Sorry I digressed. About the dumping, I never would have thought that just a bout of diarrahea & gas could be dumping. I don't do that but diarrahea was so common for me before my WLS that I wouldn't think anything of it and gas seems to be a big complaint for everyone. Your various intolerances sound just like Kathy, from our local group. She has had that diagnosis also. I wonder if maybe she has been dumping the same way as you, not the horrible, "I wish I could die" but the discomfort & inconvenience of gas & diarrahea seem kind of normal. I'm going to pay much closer attention to my body & how it reacts to foods, thanks to your experiences.
The 10-15 lb problem seems to be pretty common. Count me in, as you know, I'm stuck too & my eating habits are part of the problem, I know. I eat things I shouldn't. Hey, I don't dump (sorry, a bad attempt at humor) and I find that I can pick up a piece of candy here & there & it just disappears. Since the beginning of the year I have made a concentrated attempt to stay away from the "goodies." I even cleaned out my cupboards & all the candy I found was taken to work where it instantly disappeared. I'm trying to just eat proteins & veggies. So far it hasn't helped at all. Matter of fact, I bounced up 2 lbs! Obviously, I can't give you the sectret of losing the last 10 lbs. If you figure it out, please share.
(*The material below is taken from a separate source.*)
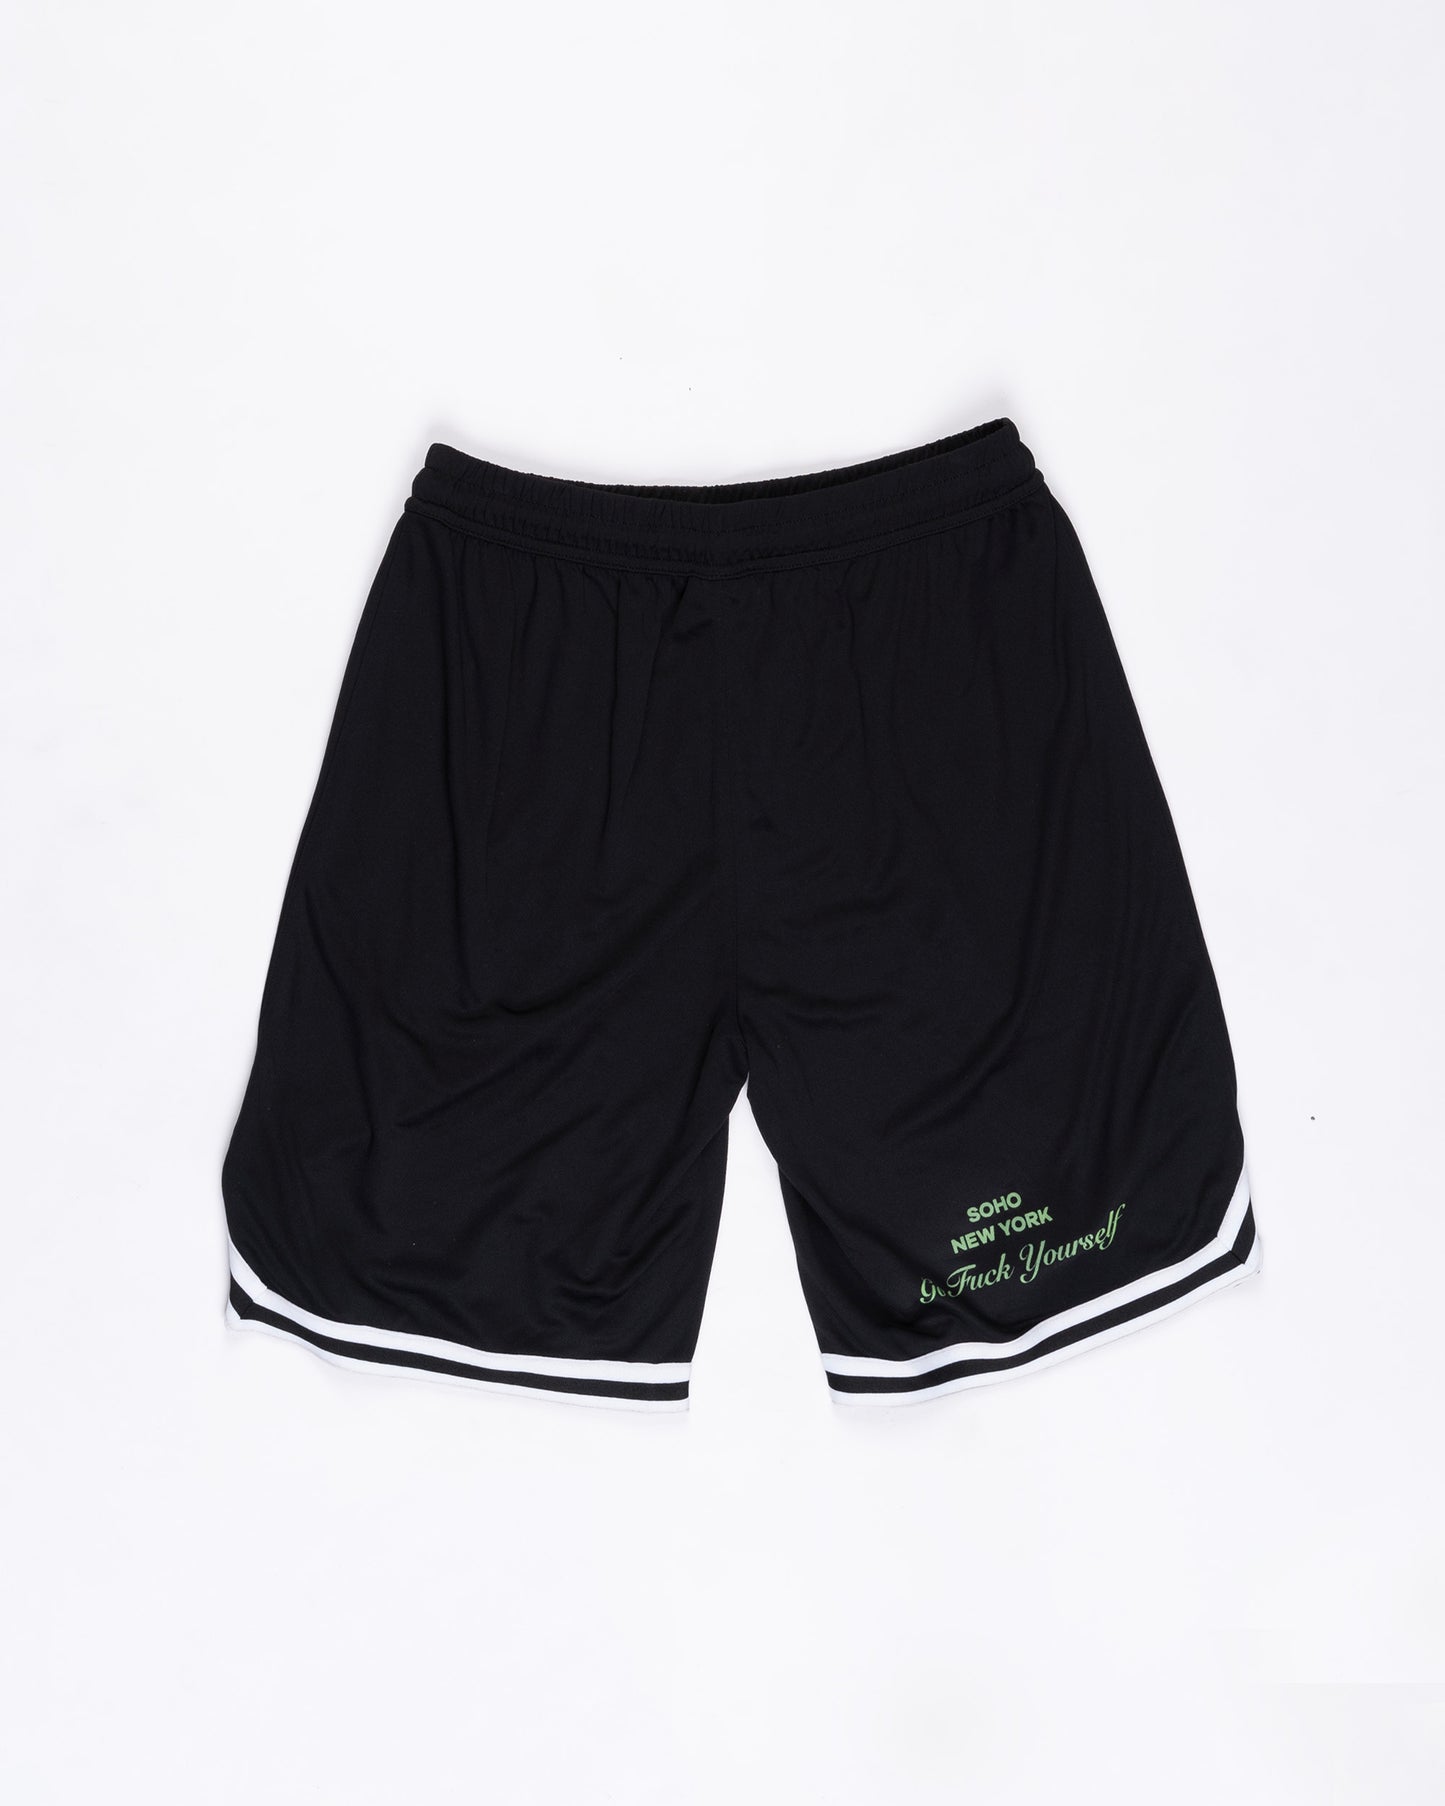 Black and white Basketball Shorts Size: XLarge

I like your new rules, mind if I follow them also?
Good luck tomorrow. I'll be thinking about you.
Dixie
Hey Dix,
Good to hear from you. Jessica is doing great (she spent the day with Barb yesterday). I am really focused on being as healthy as possible for when my grandson arrives in June.
I will keep you posted on the various intolerances and "sudo" dumping. I think they will give me a round of strong antibiotics (hello yeast infection!!) then we will test again to see if the intolerances are still present.
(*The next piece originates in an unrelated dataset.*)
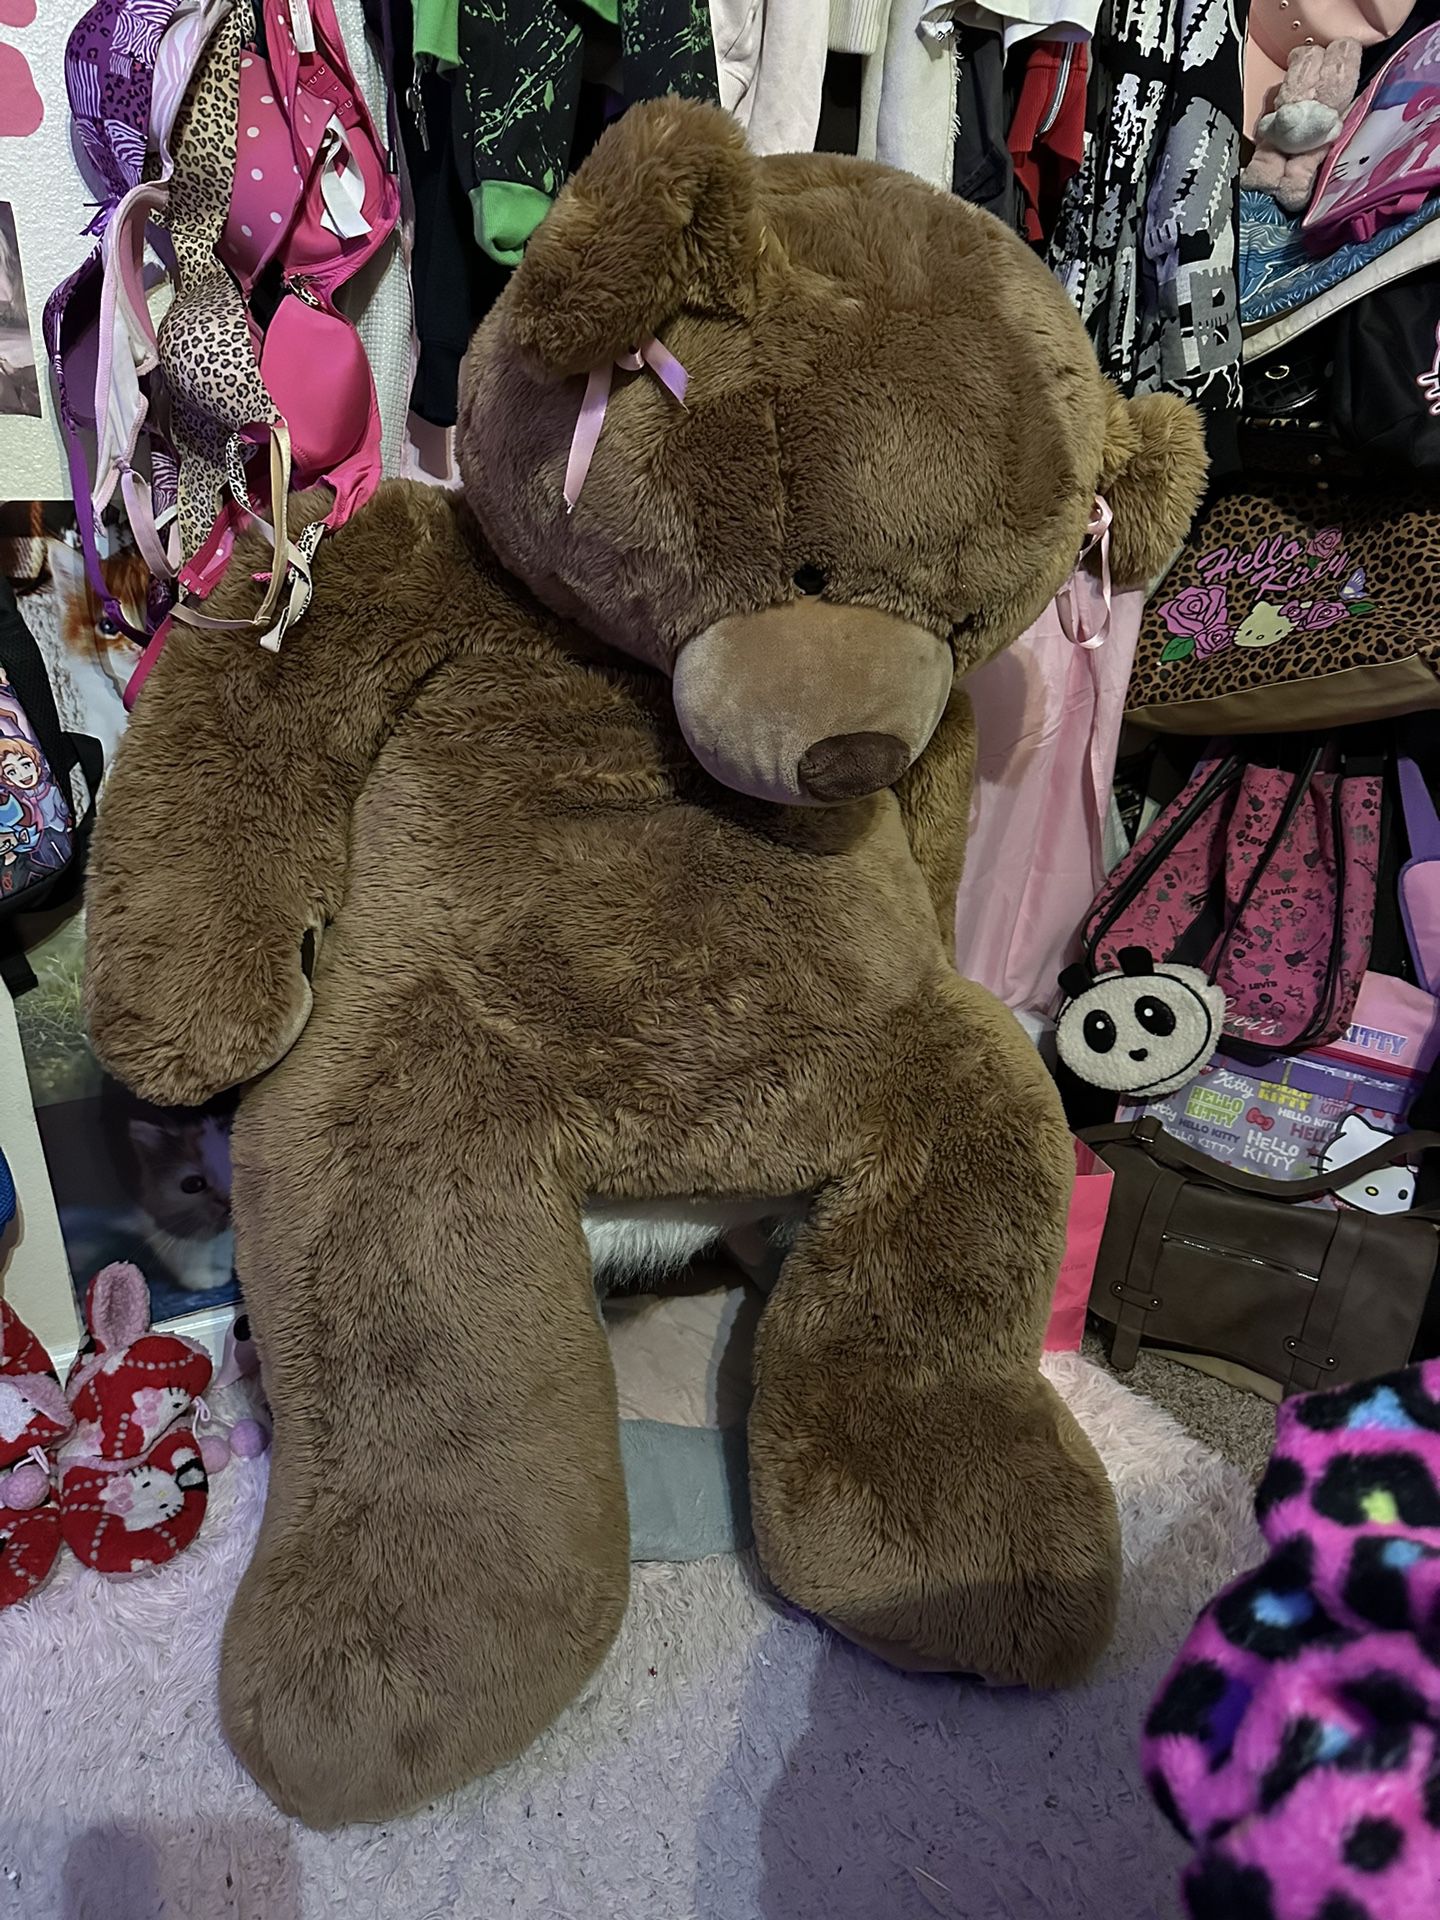 Adult Life Size Teddy Bear

I will also let you know what they find today. It sounds like Barb and I are going through some similar stuff. Poor Jessica both of her moms are not doing so good.
Well, I better get going. Time to get poked and proded.
TTFN
Jackie
I hope everything turns out okay Let us know how the endoscope goes .....I am also having one Friday and I am scared Not so much of the procedure, but of what they will find. Well and I am scared of the procedure too really!!! I have lots of pain lately and the ulcer meds aren't cutting it.....sometimes I am miserable for a couple days straight. I am getting the endo first......if they don't find anything that way, then a hidascan to check out my gall bladder Sorry to hear about the fall and broken ribs.....ouch, you poor thing!!! I also totally agree with the macho nacho comment...... Just because I can, doesn't mean I should.....mexican is SO my downfall! Again.....wishing you the best....hang aroung more Take Care jesi
Hey Jesi,
Sounds like you are having similar issues. Nice to know that I am not alone. I hear ya about being scared of the procedure. I am afraid that they will get in there and say "Boy, look how streched out her pouch is...Wow, you can tell she isn't following instructions...Man, there isn't anything wrong other than she has ruined her surgery!!!" These are my big fears.
I am glad that they are doing the endo first then the hinascan (but I would still ask that they change tubbing!! I don't have to worry about my gall bladder they took that during WLS. There is minor concern that I did some damage during my fall. My husband is sure that is what is causing the problem. Who knows?
I will post later when I know something.
Thanks for the thoughts and prayers, I will try to lurk less and respond more!!